A Pilot Study on Curator-Guided Multilingual Art Description for Blind and Low-Vision Audiences with Small Vision-Language Models
This study addresses the problem of underserved visual art descriptions for blind and low-vision audiences, particularly in multilingual museum settings with privacy constraints, by investigating the use of small on-premise vision-language models. It is an incremental step towards improving accessibility.
This pilot study explored curator-guided multilingual art description for blind and low-vision (BLV) audiences using a small vision-language model (Qwen2.5-VL-3B-Instruct) for German, Romanian, and Serbian. It found that language-specific LoRA adapters provided more stable controllability and visually grounded description quality for Romanian and Serbian, while a single multilingual adapter was competitive for German.

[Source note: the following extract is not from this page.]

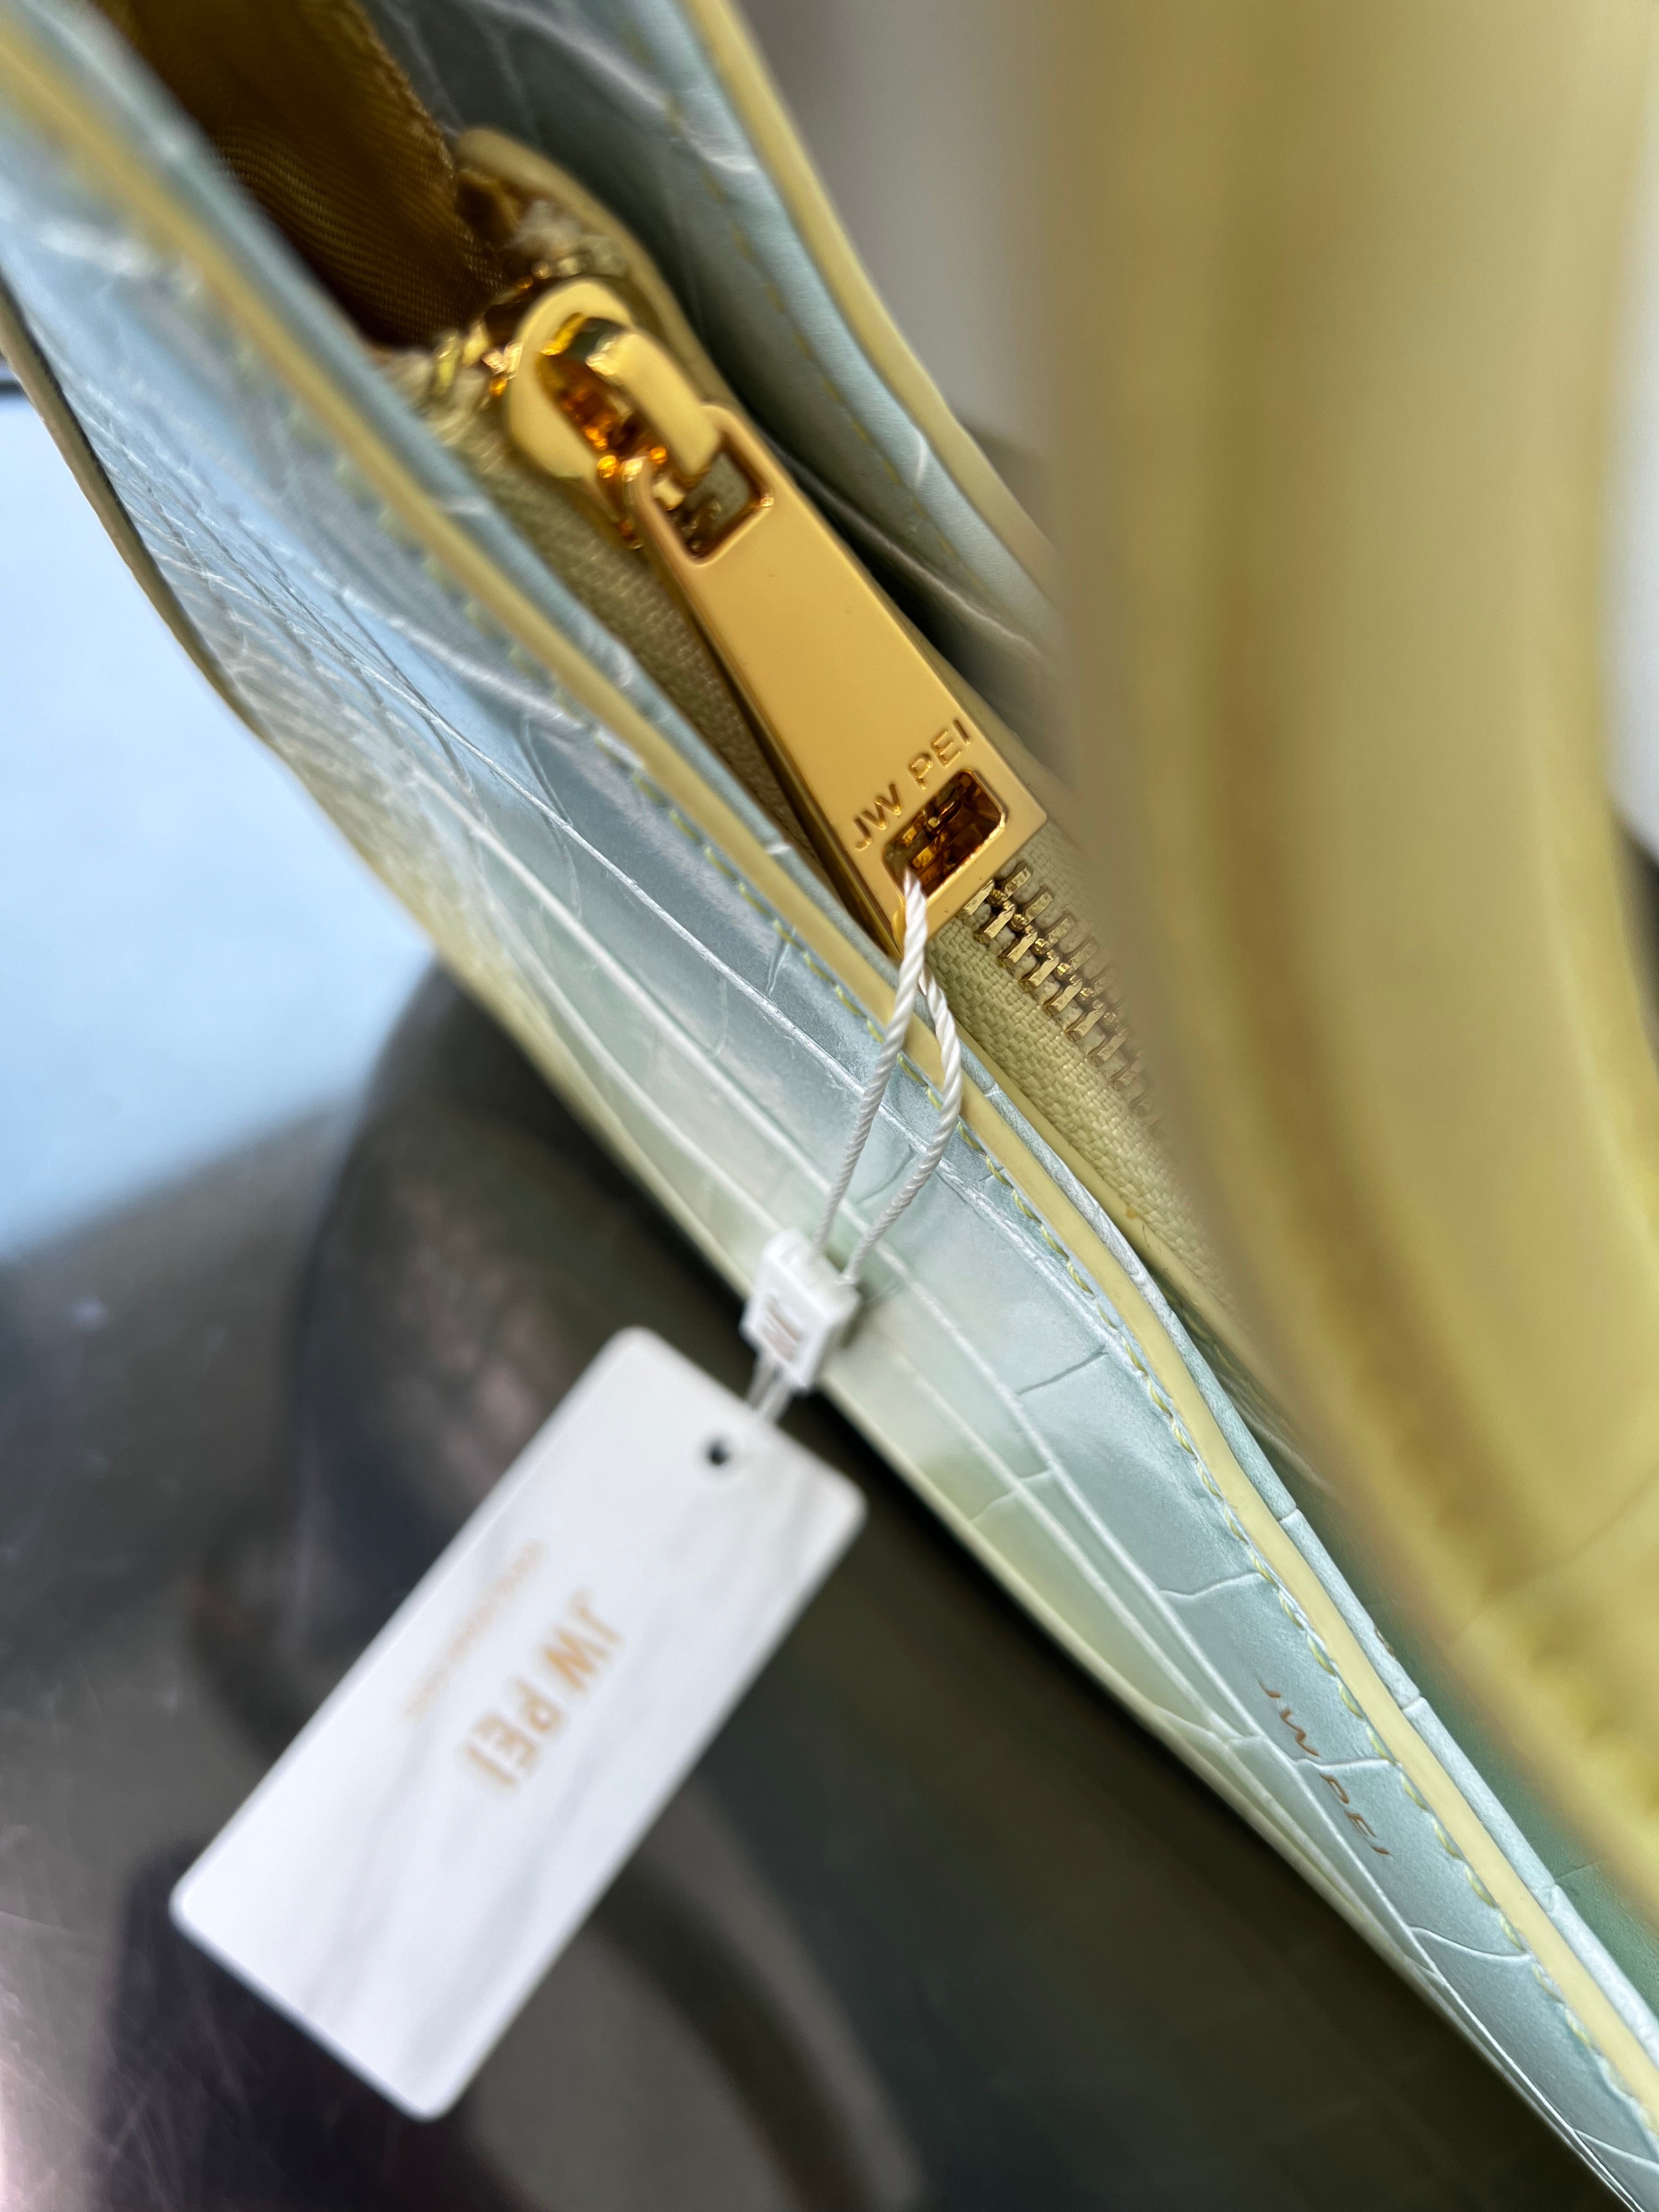 Ruby shoulder bag light yellow and blue gradient - JW PEI

Blind and low-vision (BLV) audiences remain underserved by visual art descriptions, particularly across languages and in museum settings where privacy and intellectual-property constraints may favour small on-premise vision-language models (VLMs). This pilot study investigates curator-guided multilingual art description with Qwen2.5-VL-3B-Instruct for German, Romanian, and Serbian. We construct a parallel BLV-oriented caption corpus from artwork images and metadata, and compare language-specific LoRA adapters with a single multilingual adapter under a fixed backbone and training budget. Evaluation combines automatic lexical and embedding-based metrics with an LLM-as-Judge protocol calibrated against a small Romanian BLV pilot study. Under our pilot setup, language-specific adapters show more stable controllability and visually grounded description quality for Romanian and Serbian, while multilingual adaptation remains competitive in German. We frame these findings as deployment-oriented evidence for small on-premise VLMs, and highlight the need for larger BLV user studies and broader language coverage before drawing general conclusions about multilingual accessibility.